### Material for this task
[Start of Attachment]

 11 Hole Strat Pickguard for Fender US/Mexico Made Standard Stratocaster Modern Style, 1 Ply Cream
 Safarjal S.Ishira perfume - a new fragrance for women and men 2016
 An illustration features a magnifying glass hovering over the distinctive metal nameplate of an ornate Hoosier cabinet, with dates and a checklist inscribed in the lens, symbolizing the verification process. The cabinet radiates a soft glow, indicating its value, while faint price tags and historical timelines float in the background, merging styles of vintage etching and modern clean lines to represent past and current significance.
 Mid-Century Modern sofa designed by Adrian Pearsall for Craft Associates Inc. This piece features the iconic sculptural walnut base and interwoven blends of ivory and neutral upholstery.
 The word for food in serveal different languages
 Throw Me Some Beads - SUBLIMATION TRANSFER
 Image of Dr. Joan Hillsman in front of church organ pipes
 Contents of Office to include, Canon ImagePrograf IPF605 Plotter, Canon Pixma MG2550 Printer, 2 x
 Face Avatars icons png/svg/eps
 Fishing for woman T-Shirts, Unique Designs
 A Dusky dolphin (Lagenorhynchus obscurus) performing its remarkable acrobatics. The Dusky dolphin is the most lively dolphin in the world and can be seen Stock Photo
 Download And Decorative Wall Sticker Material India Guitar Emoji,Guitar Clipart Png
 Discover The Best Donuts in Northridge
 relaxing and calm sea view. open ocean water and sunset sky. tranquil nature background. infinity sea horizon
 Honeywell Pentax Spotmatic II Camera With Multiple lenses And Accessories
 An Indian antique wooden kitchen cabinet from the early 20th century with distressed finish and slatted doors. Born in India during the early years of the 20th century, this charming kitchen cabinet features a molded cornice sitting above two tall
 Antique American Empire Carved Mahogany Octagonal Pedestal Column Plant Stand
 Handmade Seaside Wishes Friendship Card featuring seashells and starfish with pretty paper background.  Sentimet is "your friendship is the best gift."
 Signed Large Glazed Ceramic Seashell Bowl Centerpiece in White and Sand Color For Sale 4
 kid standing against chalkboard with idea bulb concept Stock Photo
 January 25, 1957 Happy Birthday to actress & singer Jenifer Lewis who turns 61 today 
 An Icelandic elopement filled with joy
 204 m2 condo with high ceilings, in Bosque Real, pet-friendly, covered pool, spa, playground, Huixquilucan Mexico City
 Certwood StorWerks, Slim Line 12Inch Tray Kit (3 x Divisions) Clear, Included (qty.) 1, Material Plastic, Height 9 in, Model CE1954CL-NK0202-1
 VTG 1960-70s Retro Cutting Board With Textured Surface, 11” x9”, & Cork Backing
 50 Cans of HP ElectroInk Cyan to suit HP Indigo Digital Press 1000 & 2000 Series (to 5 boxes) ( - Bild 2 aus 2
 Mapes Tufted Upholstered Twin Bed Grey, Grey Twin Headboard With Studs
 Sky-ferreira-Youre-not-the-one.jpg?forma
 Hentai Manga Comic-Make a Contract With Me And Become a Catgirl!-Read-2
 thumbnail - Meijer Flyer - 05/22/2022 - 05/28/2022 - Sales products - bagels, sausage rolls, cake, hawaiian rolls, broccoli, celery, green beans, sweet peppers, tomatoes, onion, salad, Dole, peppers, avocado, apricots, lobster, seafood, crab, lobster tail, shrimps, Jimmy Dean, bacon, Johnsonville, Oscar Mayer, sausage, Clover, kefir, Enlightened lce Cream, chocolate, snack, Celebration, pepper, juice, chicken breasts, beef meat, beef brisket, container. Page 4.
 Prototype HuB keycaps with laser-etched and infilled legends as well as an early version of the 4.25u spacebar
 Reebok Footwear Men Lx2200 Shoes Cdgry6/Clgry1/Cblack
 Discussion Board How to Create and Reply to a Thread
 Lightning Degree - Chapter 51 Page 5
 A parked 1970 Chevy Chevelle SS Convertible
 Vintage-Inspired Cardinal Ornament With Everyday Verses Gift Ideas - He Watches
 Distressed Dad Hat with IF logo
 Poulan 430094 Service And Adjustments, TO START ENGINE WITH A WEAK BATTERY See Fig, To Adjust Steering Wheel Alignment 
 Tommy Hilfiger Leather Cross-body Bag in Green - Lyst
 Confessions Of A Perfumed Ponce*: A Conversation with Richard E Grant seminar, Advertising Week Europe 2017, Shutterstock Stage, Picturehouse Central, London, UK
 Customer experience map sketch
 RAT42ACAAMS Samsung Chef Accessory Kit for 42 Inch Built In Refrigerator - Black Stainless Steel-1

[End of Attachment]

Starting at the line above that contains "Contents of Office", write out each line exactly until the line that contains "Fishing for woman T-Shirts, Unique Designs" has been written, and stop there.

### Solution
 Contents of Office to include, Canon ImagePrograf IPF605 Plotter, Canon Pixma MG2550 Printer, 2 x
 Face Avatars icons png/svg/eps
 Fishing for woman T-Shirts, Unique Designs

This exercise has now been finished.